What you will do
Would you reproduce the whole listing exactly, minus its images?

Supplied data
-.-.-
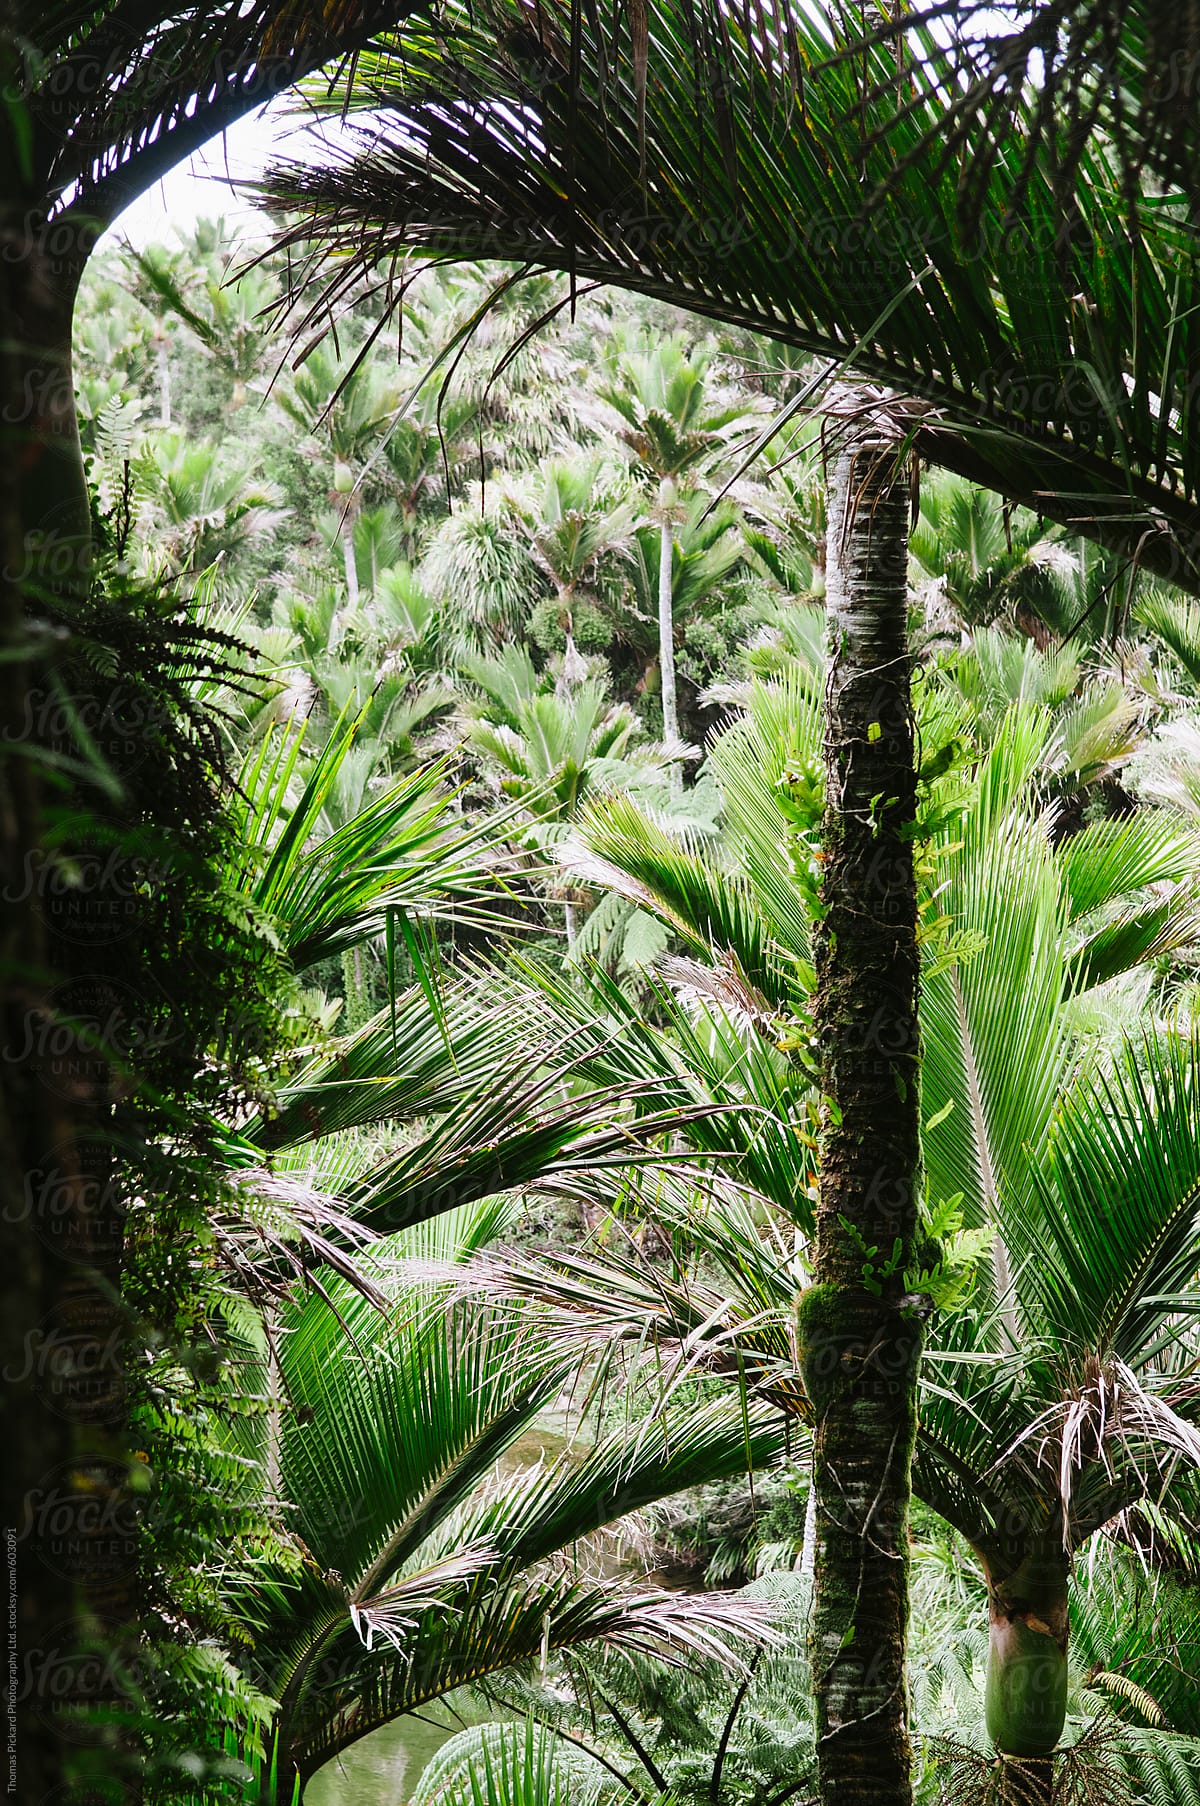 NIkau Palm, Golden Bay, New Zealand.
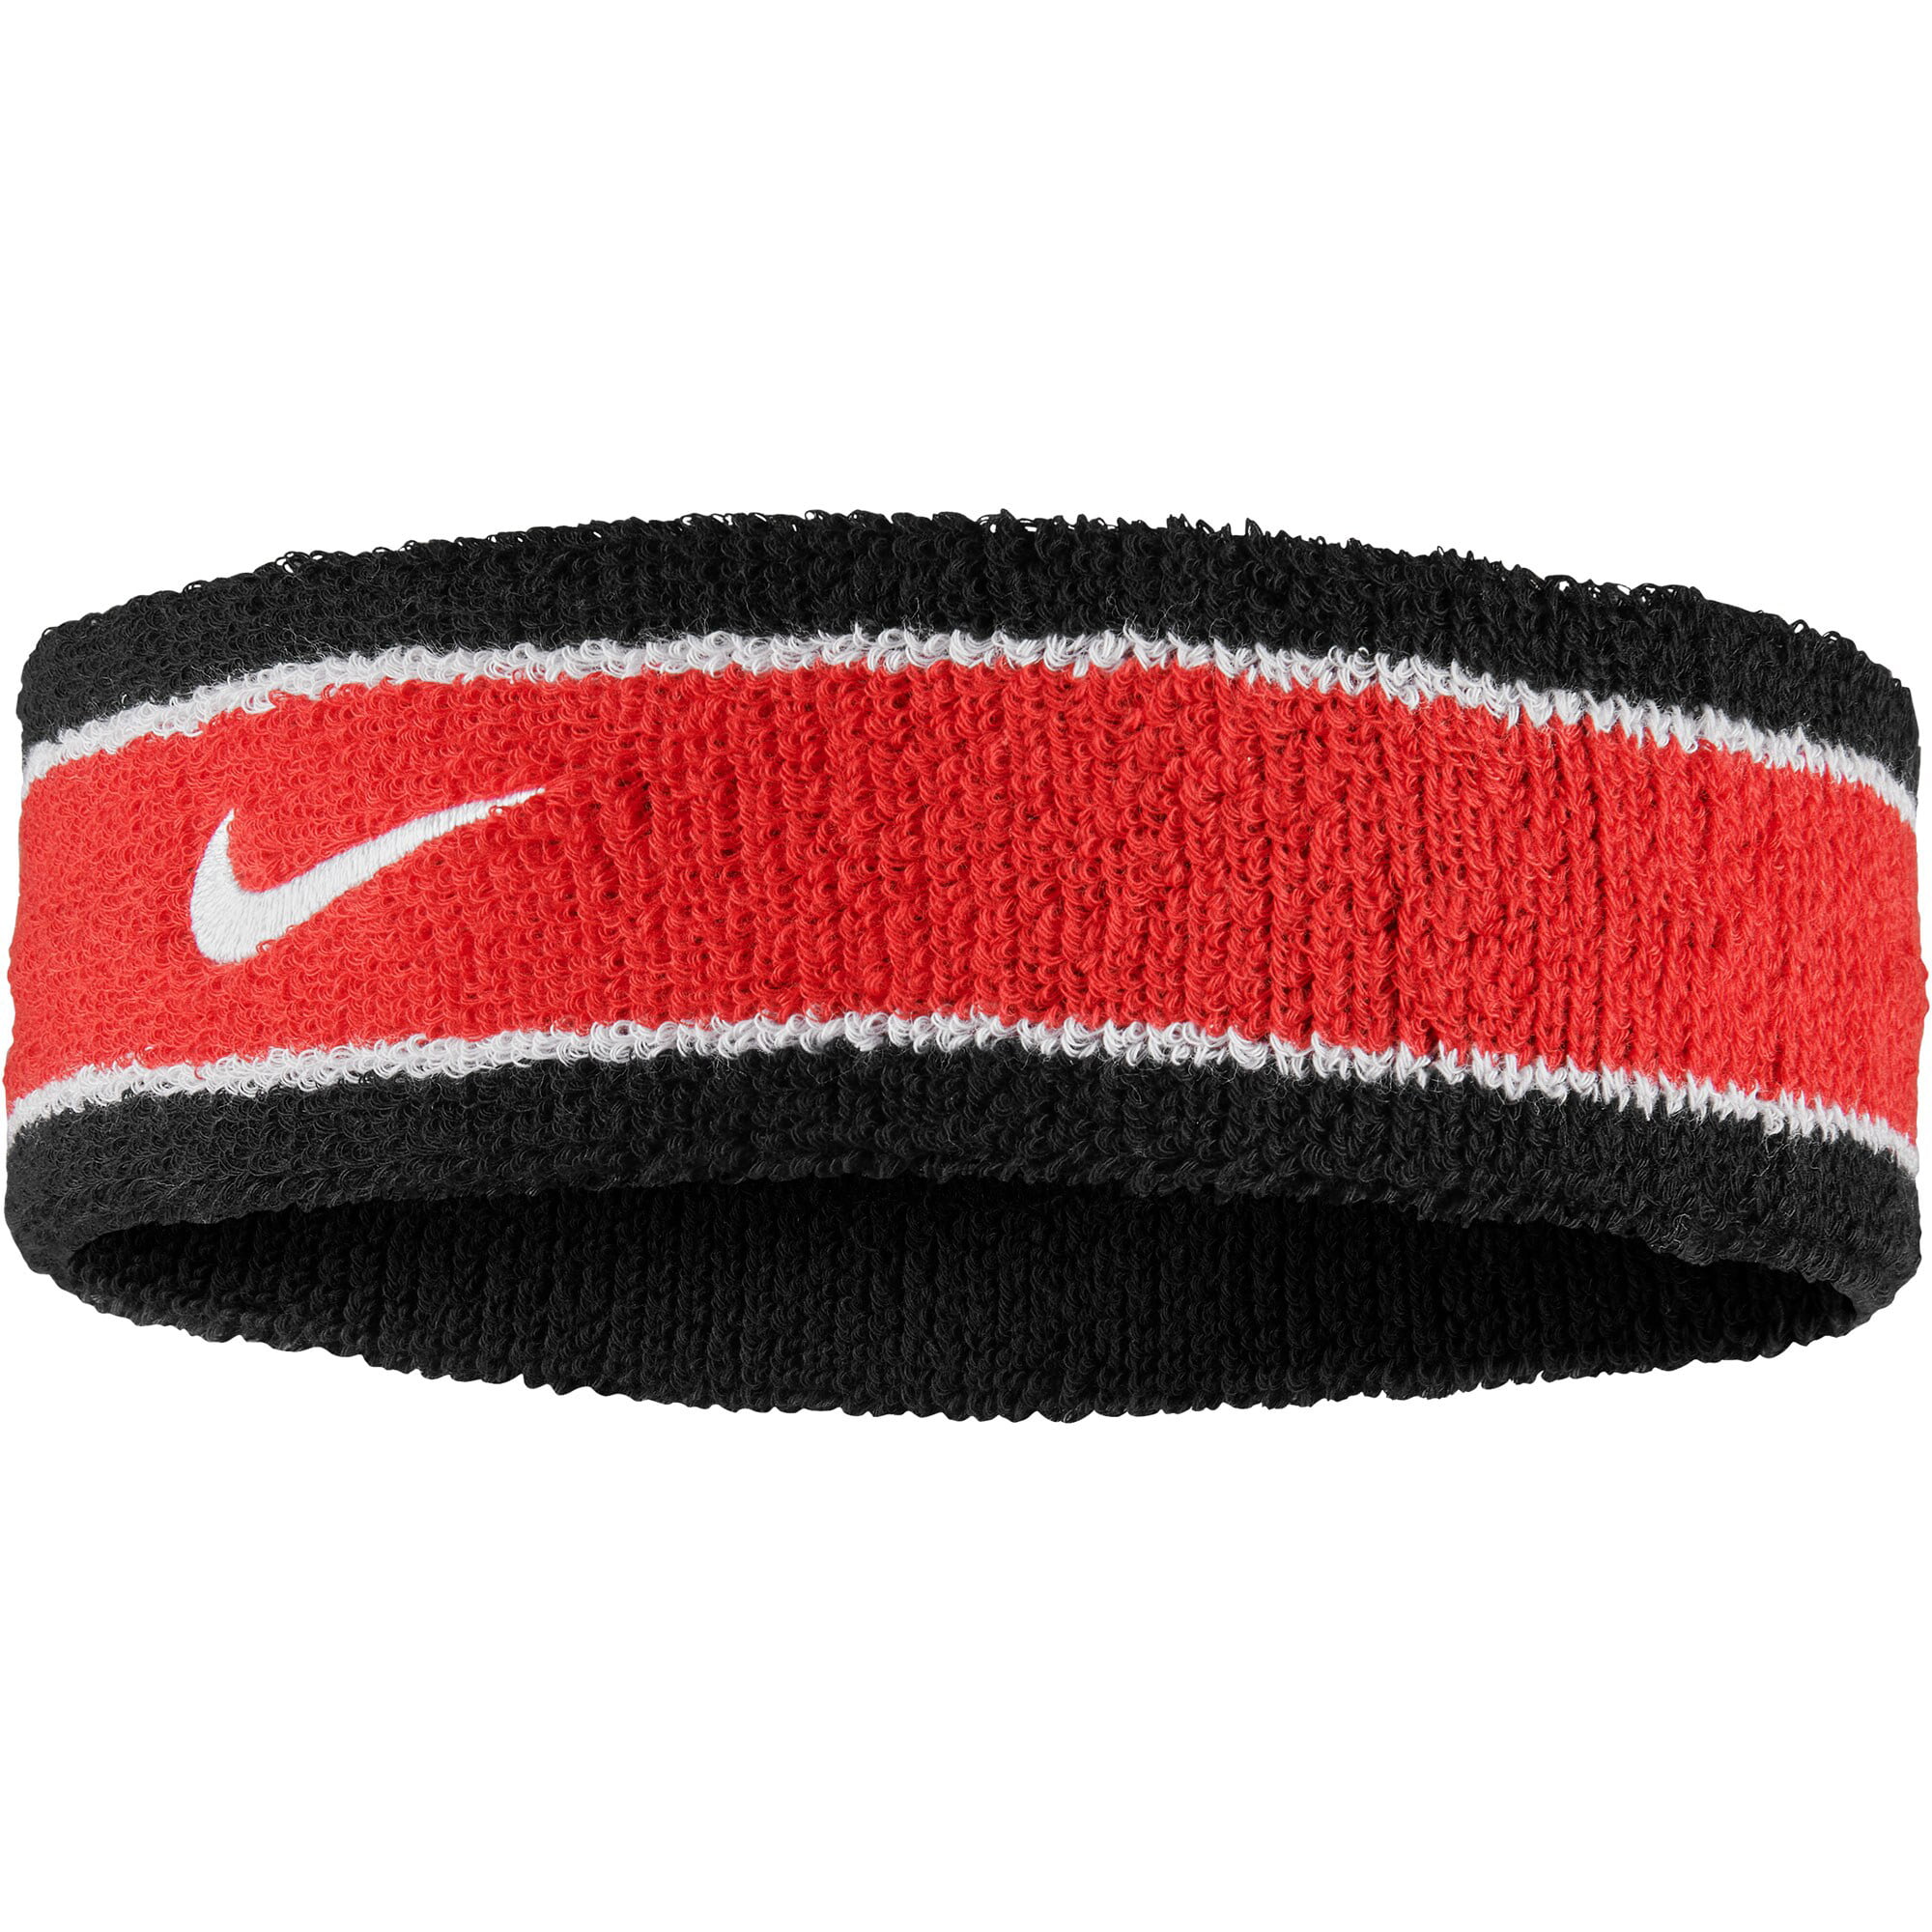 Nike Fury 2.0 Headband - Red/White - Walmart.com - Walmart.com
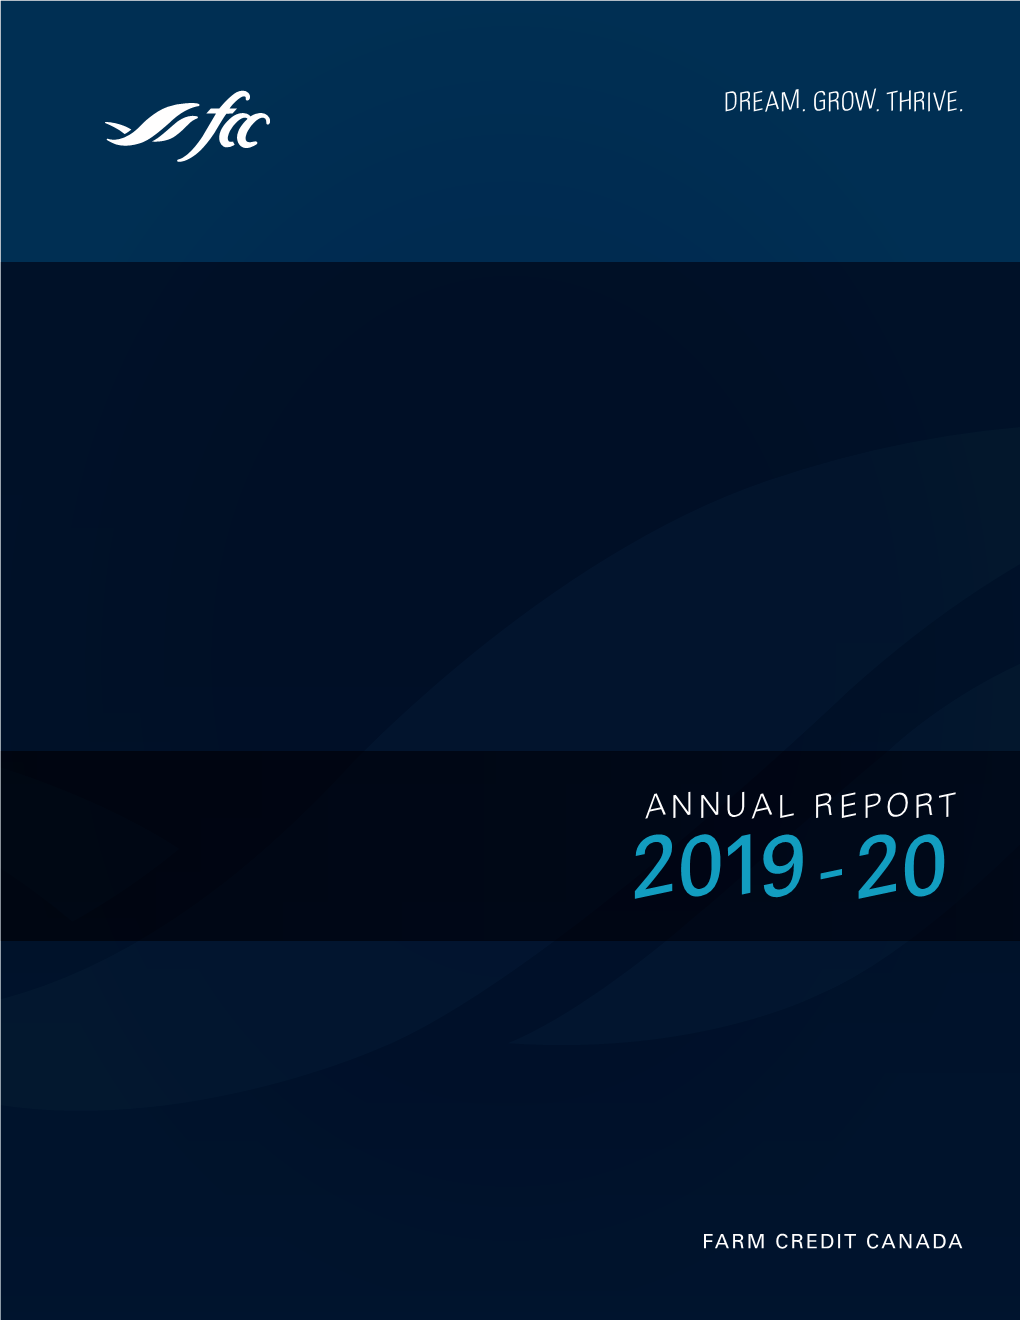 Annual Report 2019- 20
-.-.-
Your response
 NIkau Palm, Golden Bay, New Zealand.
 Nike Fury 2.0 Headband - Red/White - Walmart.com - Walmart.com
 Annual Report 2019- 20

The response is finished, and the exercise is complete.